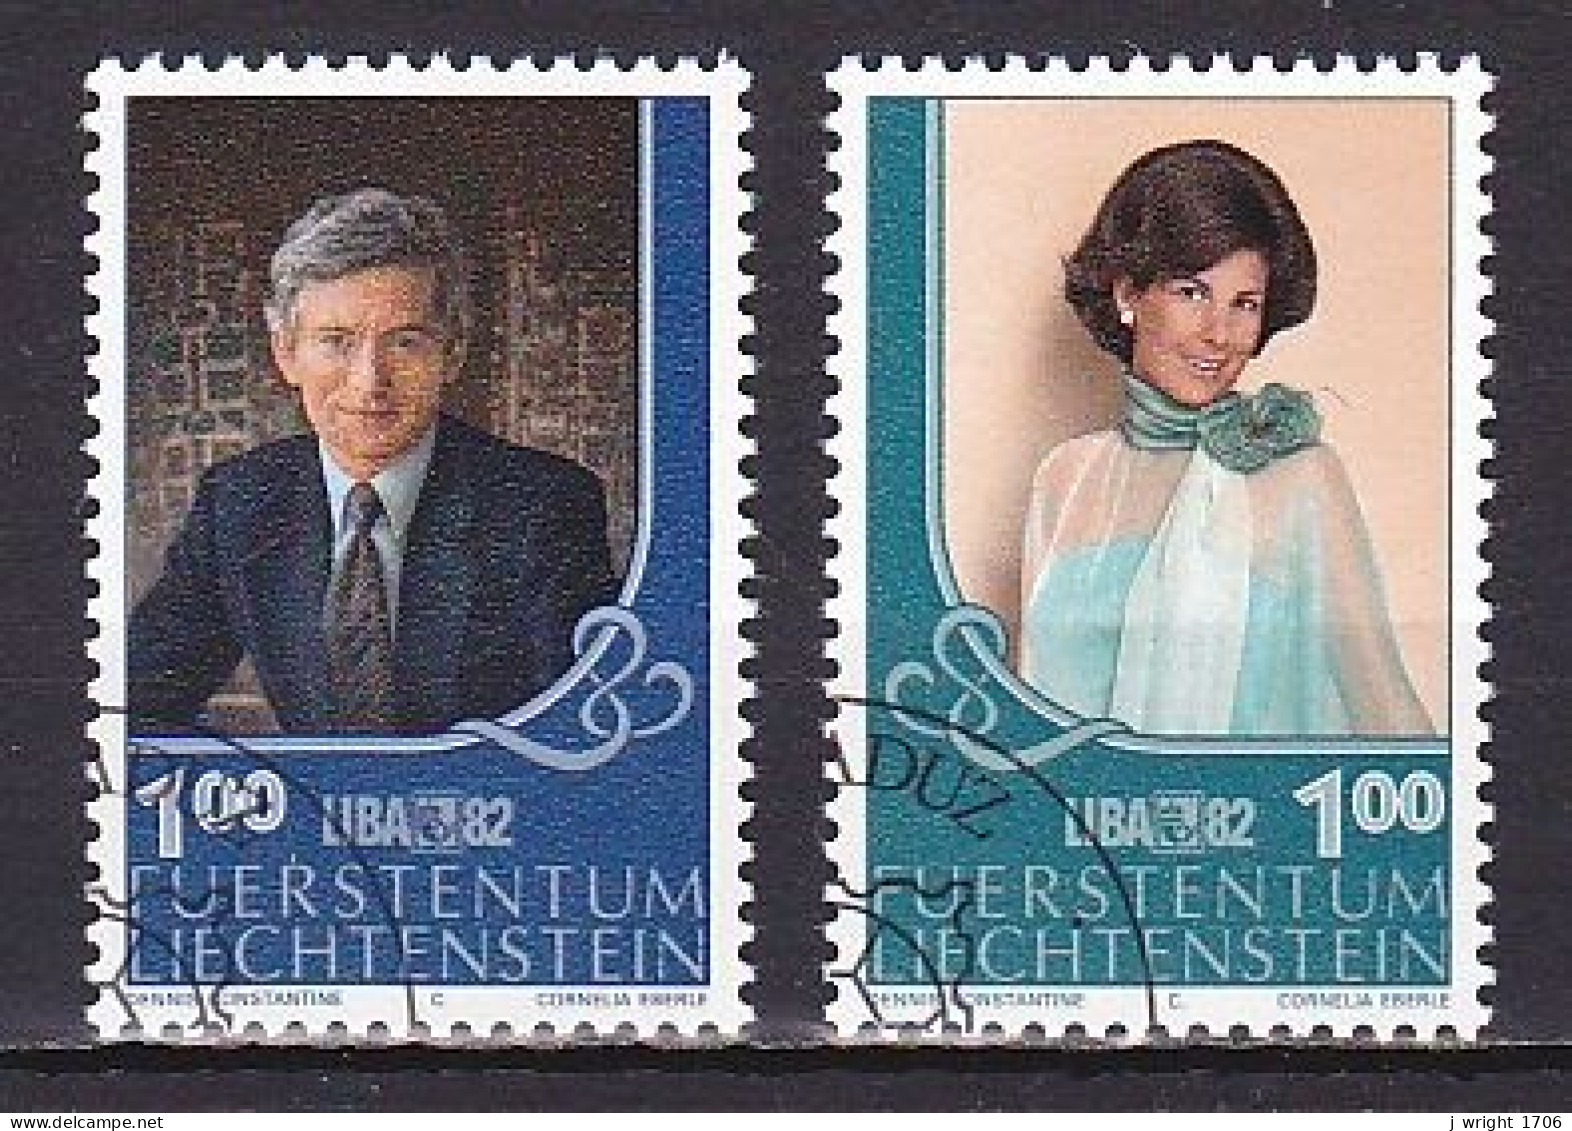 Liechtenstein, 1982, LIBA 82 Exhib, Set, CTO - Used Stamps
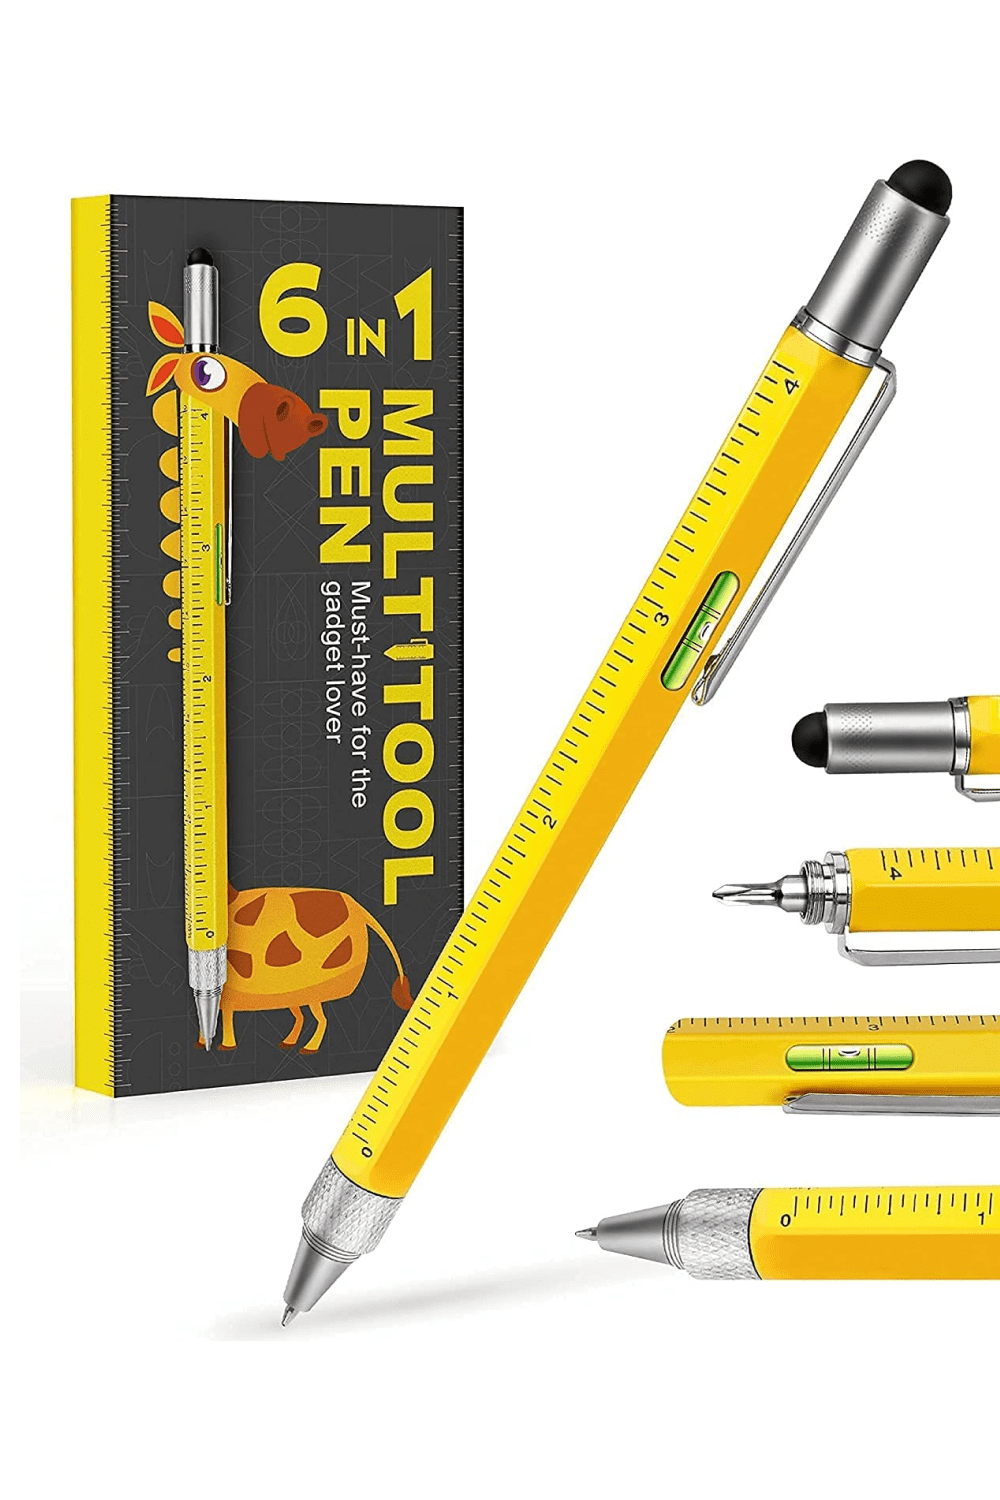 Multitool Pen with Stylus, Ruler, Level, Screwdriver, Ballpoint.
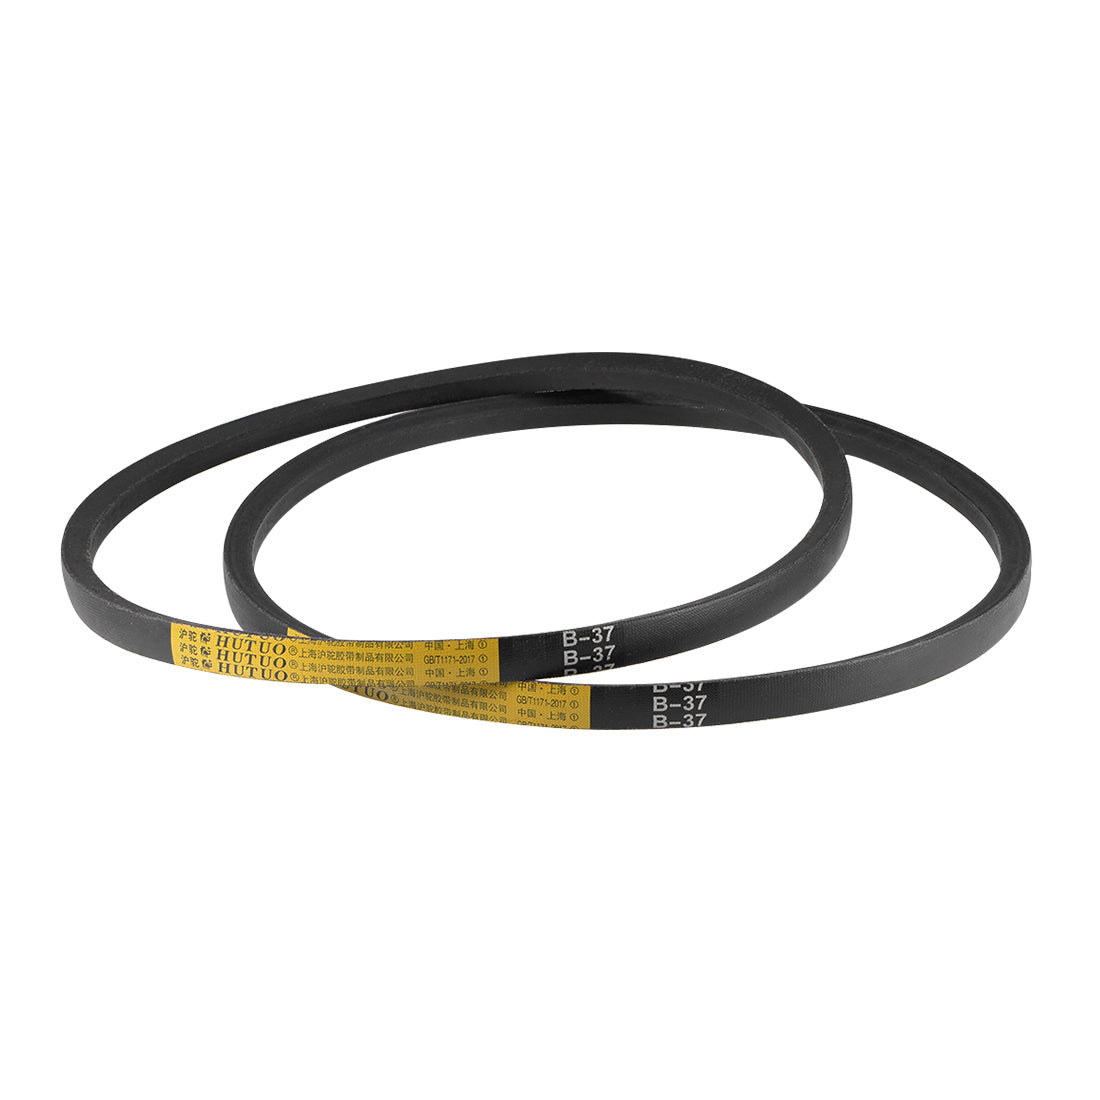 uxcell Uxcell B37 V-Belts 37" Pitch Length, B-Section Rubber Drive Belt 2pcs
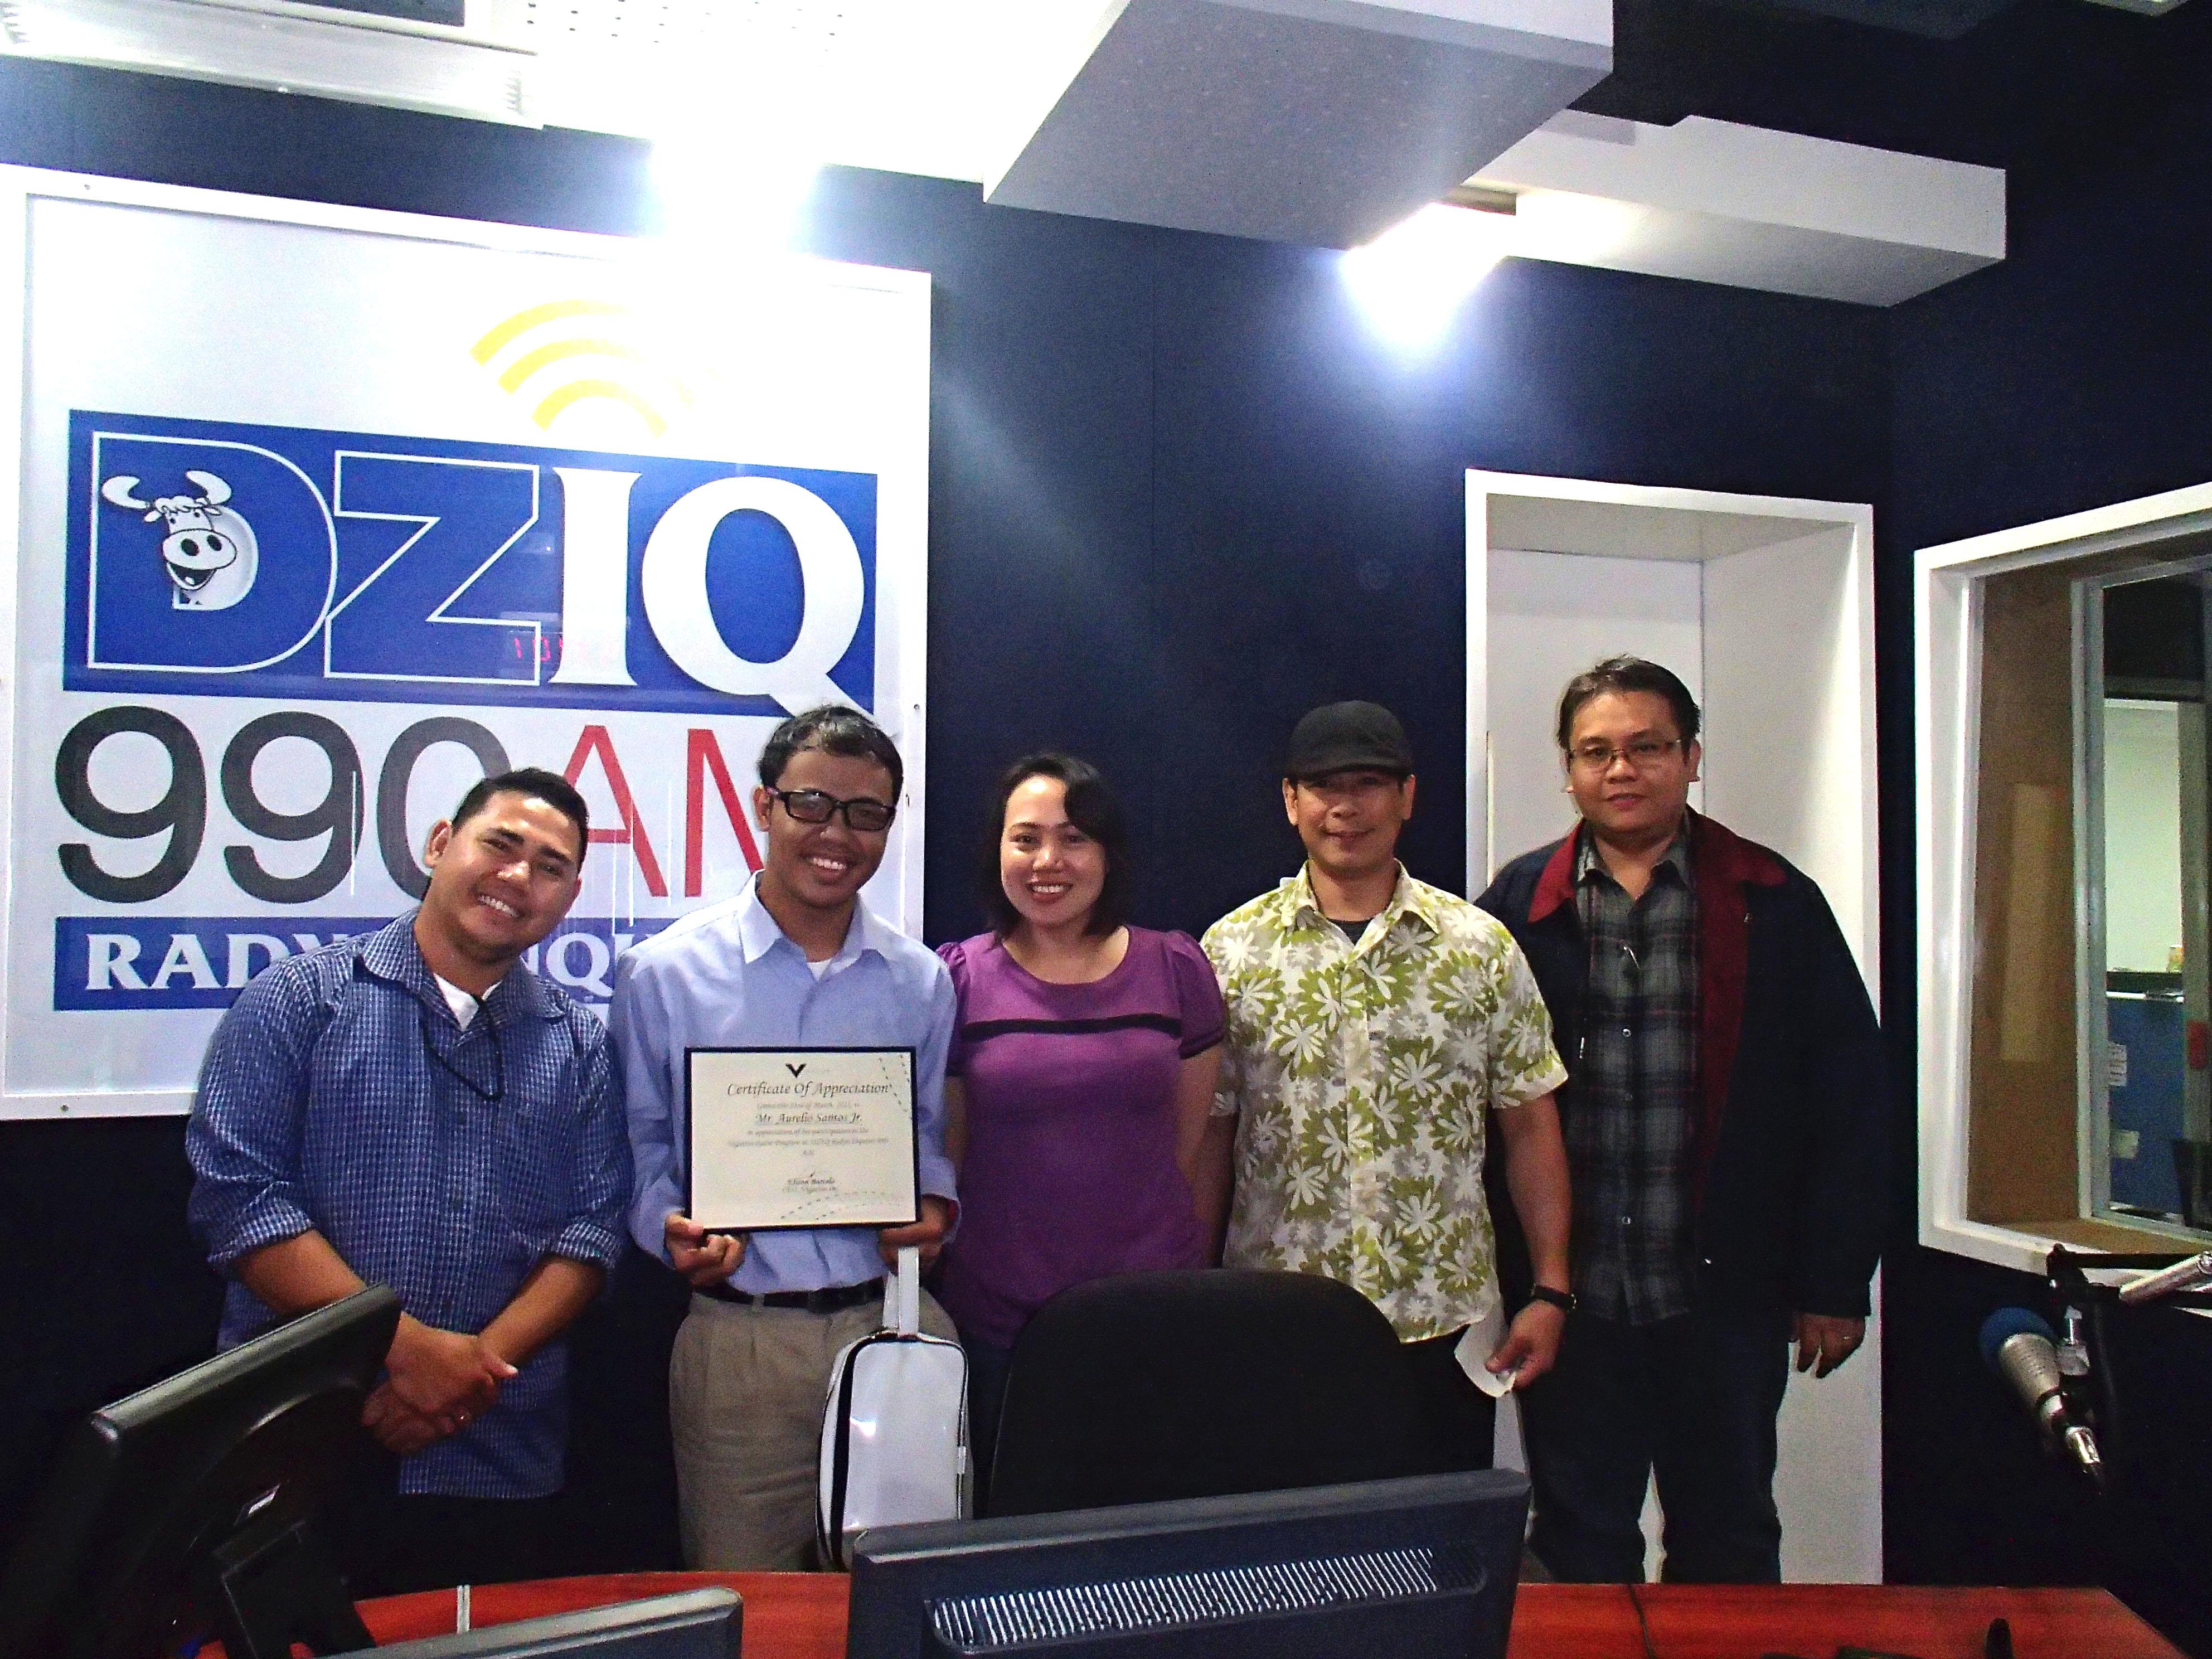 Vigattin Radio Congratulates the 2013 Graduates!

■ **Description of the task**
Output the lines above verbatim, images excluded.

■ **Result below**
 Liechtenstein, 1982, LIBA 82 Exhib, Set, CTO - Used Stamps
 Multitool Pen with Stylus, Ruler, Level, Screwdriver, Ballpoint.
 uxcell Uxcell B37 V-Belts 37" Pitch Length, B-Section Rubber Drive Belt 2pcs
 Vigattin Radio Congratulates the 2013 Graduates!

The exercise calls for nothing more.